----- Given entries -----
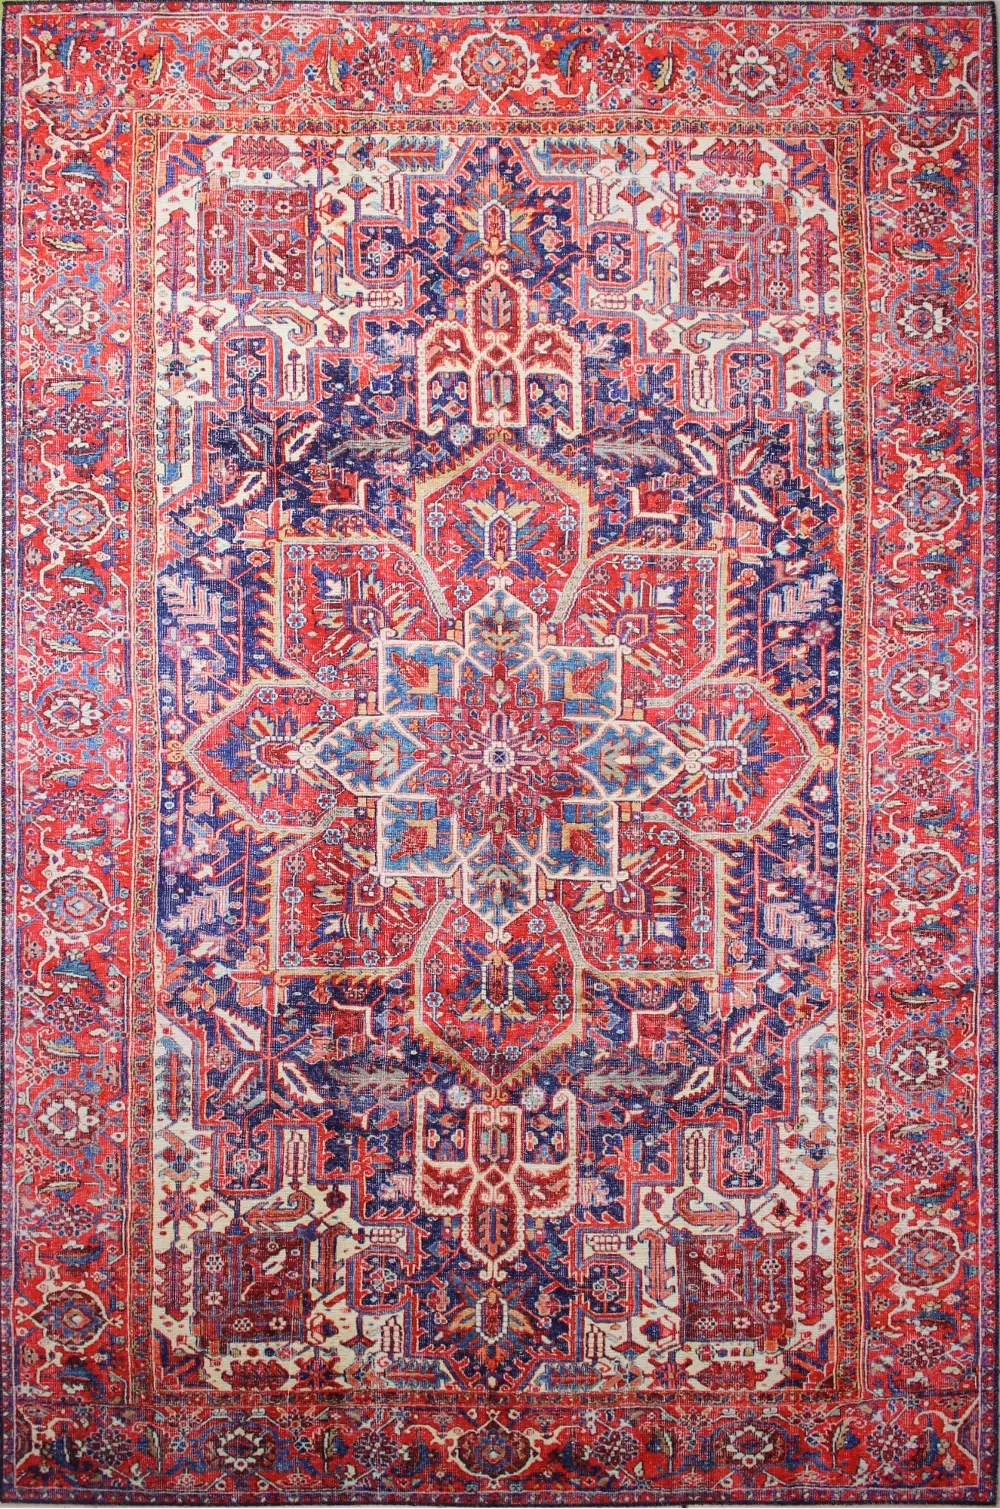 I166-DKBL-5X8-NR103 5 x 8 Medium Traditional Zacharie Blue and Red Area Rug - Impressions-1
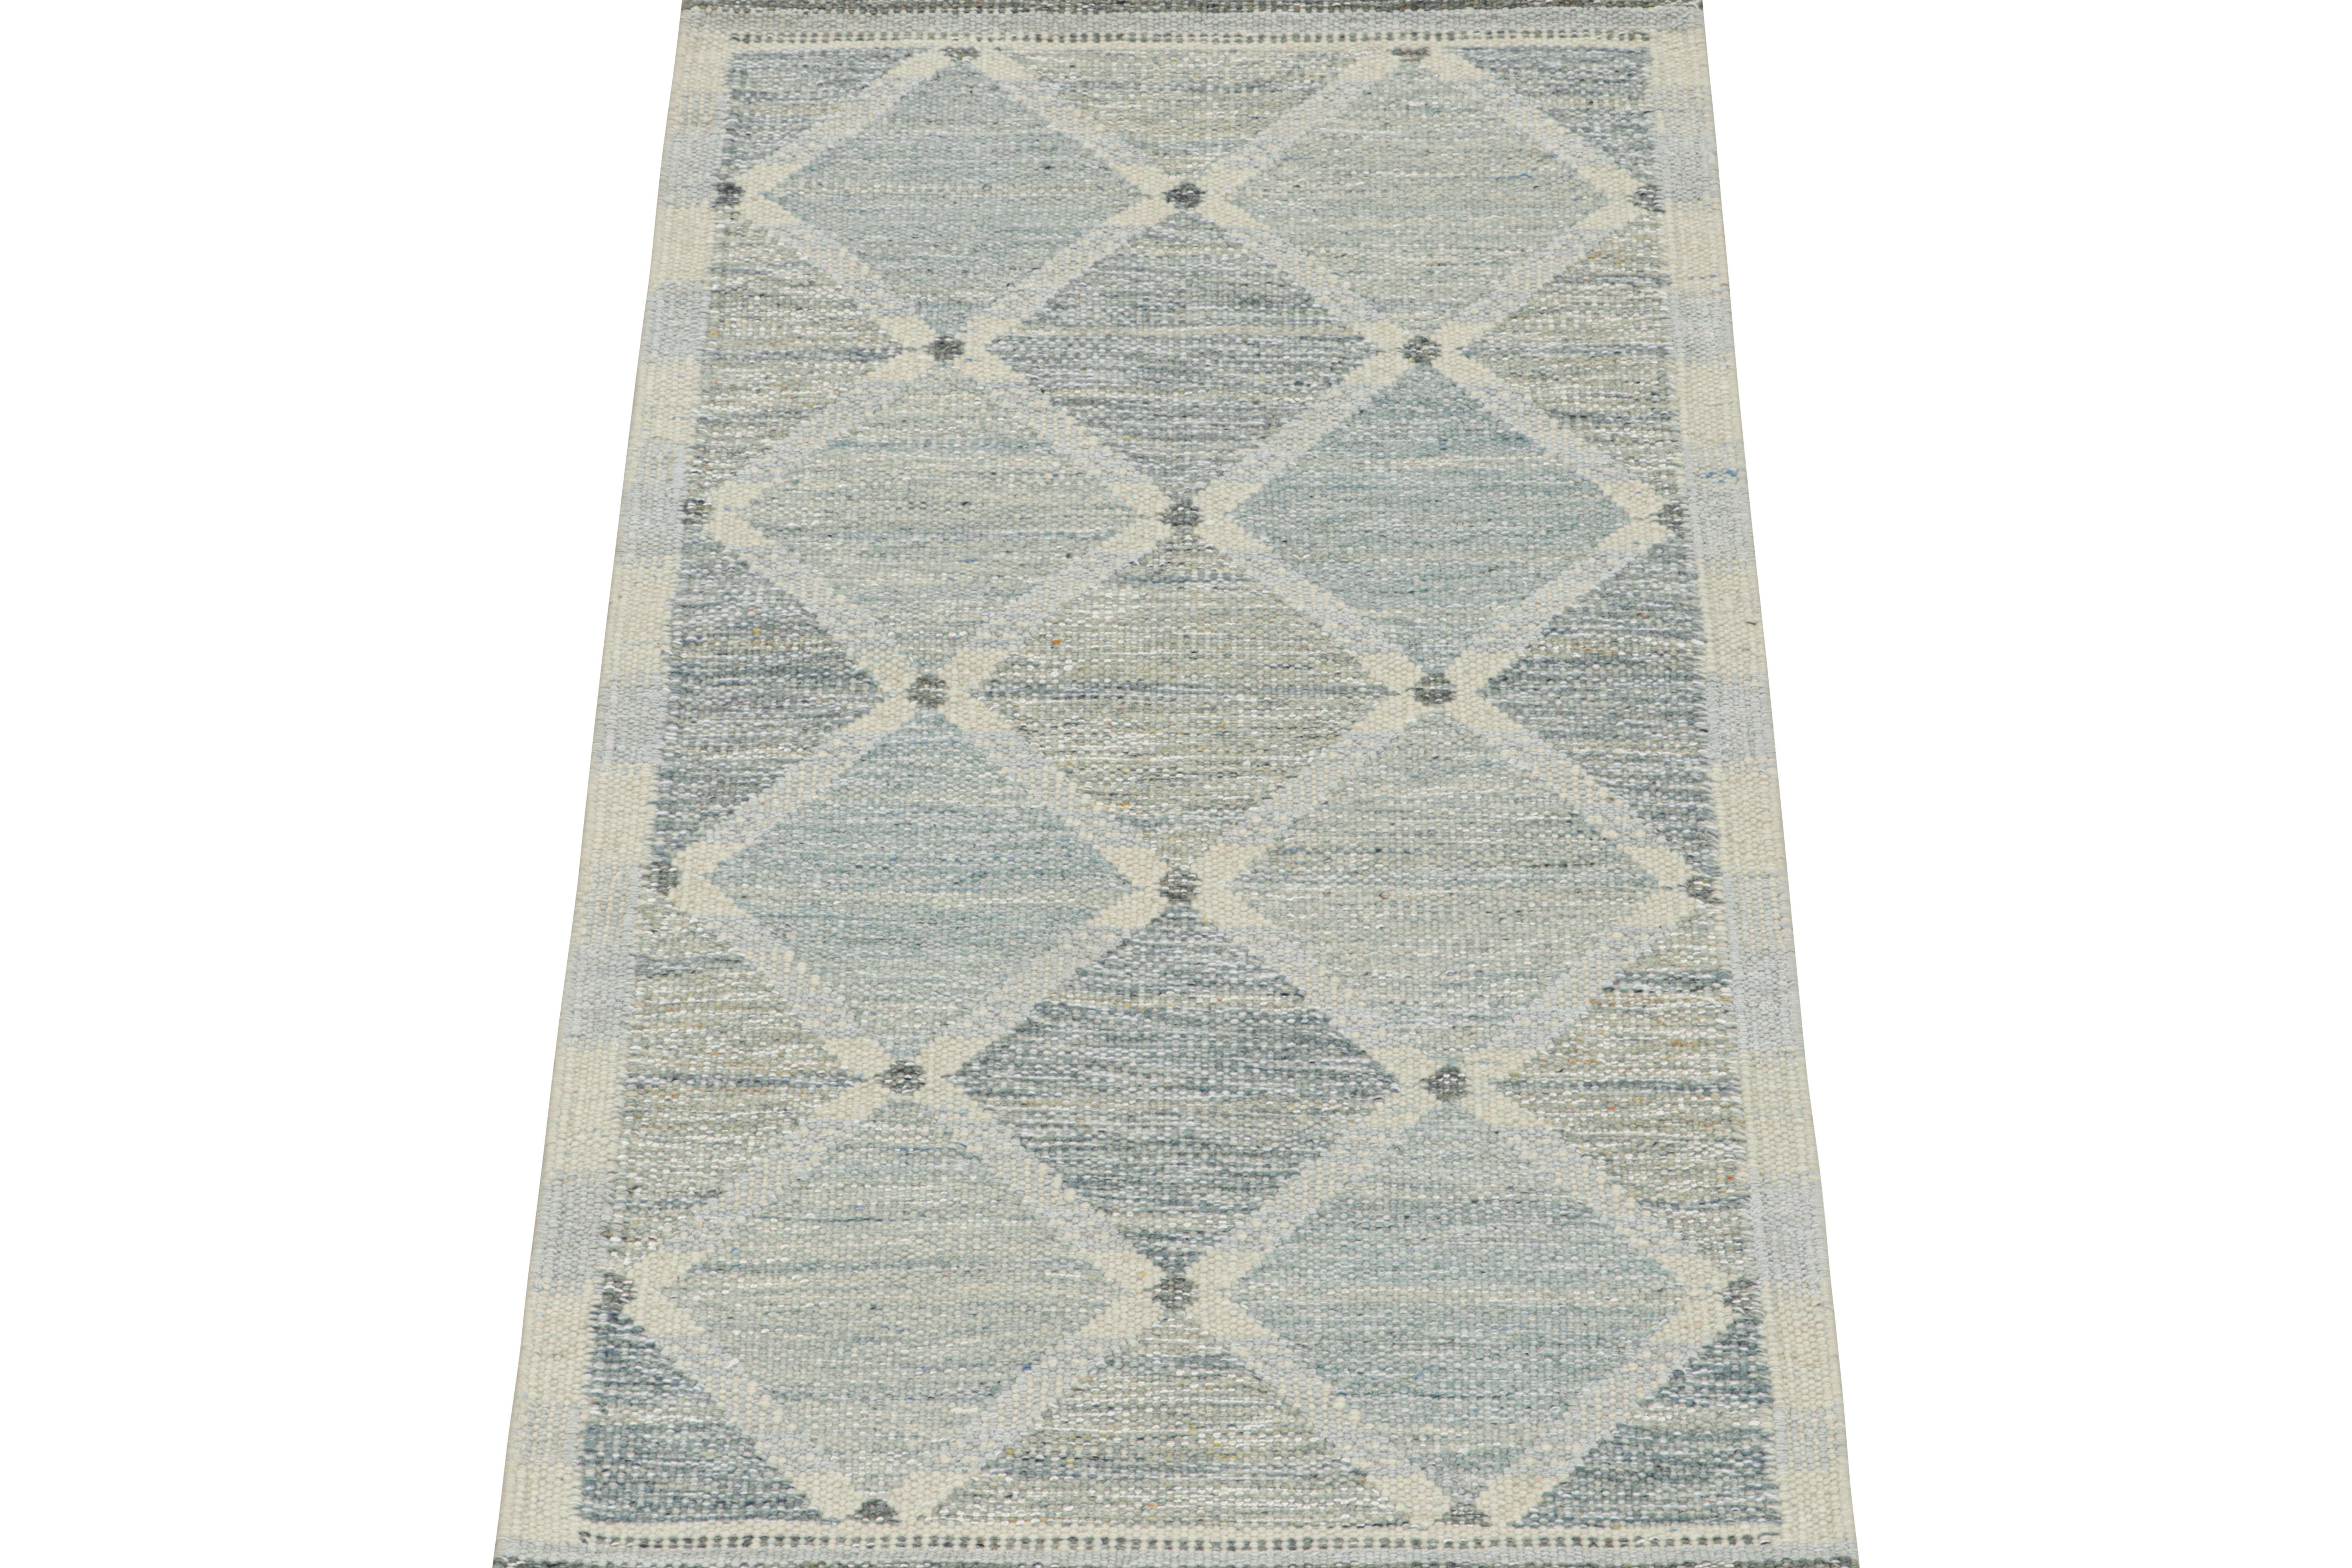 This 3x6 flat weave runner is a bold new addition to the Scandinavian Collection by Rug & Kilim. Handwoven in wool and natural yarns, its design reflects a contemporary take on mid-century Rollakans and Swedish Deco style.

On the Design:

This
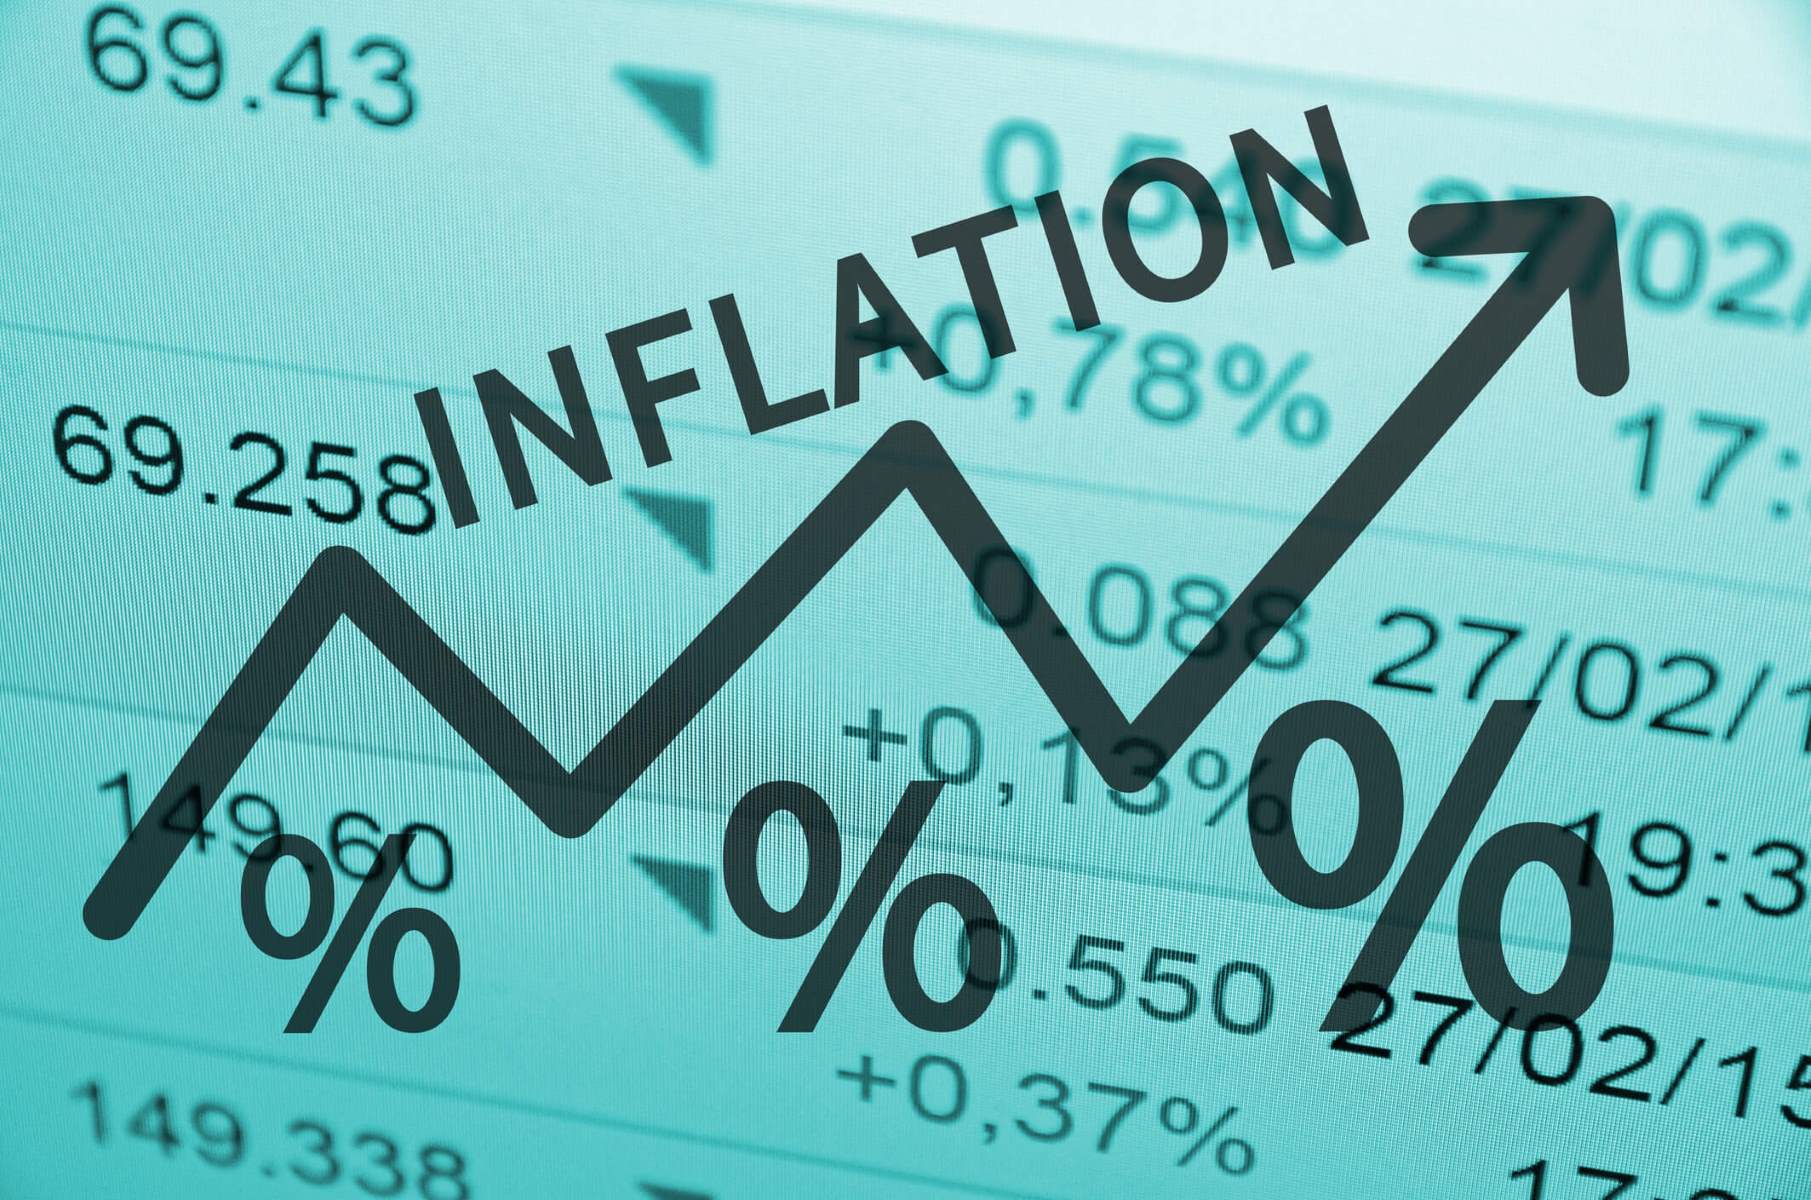 How Does Investment Affect Inflation?
-----
▸ Task statement
Using the records above, output an exact copy without any pictures.

▸ Task solution
 I166-DKBL-5X8-NR103 5 x 8 Medium Traditional Zacharie Blue and Red Area Rug - Impressions-1
 This 3x6 flat weave runner is a bold new addition to the Scandinavian Collection by Rug & Kilim. Handwoven in wool and natural yarns, its design reflects a contemporary take on mid-century Rollakans and Swedish Deco style.

On the Design:

This
 How Does Investment Affect Inflation?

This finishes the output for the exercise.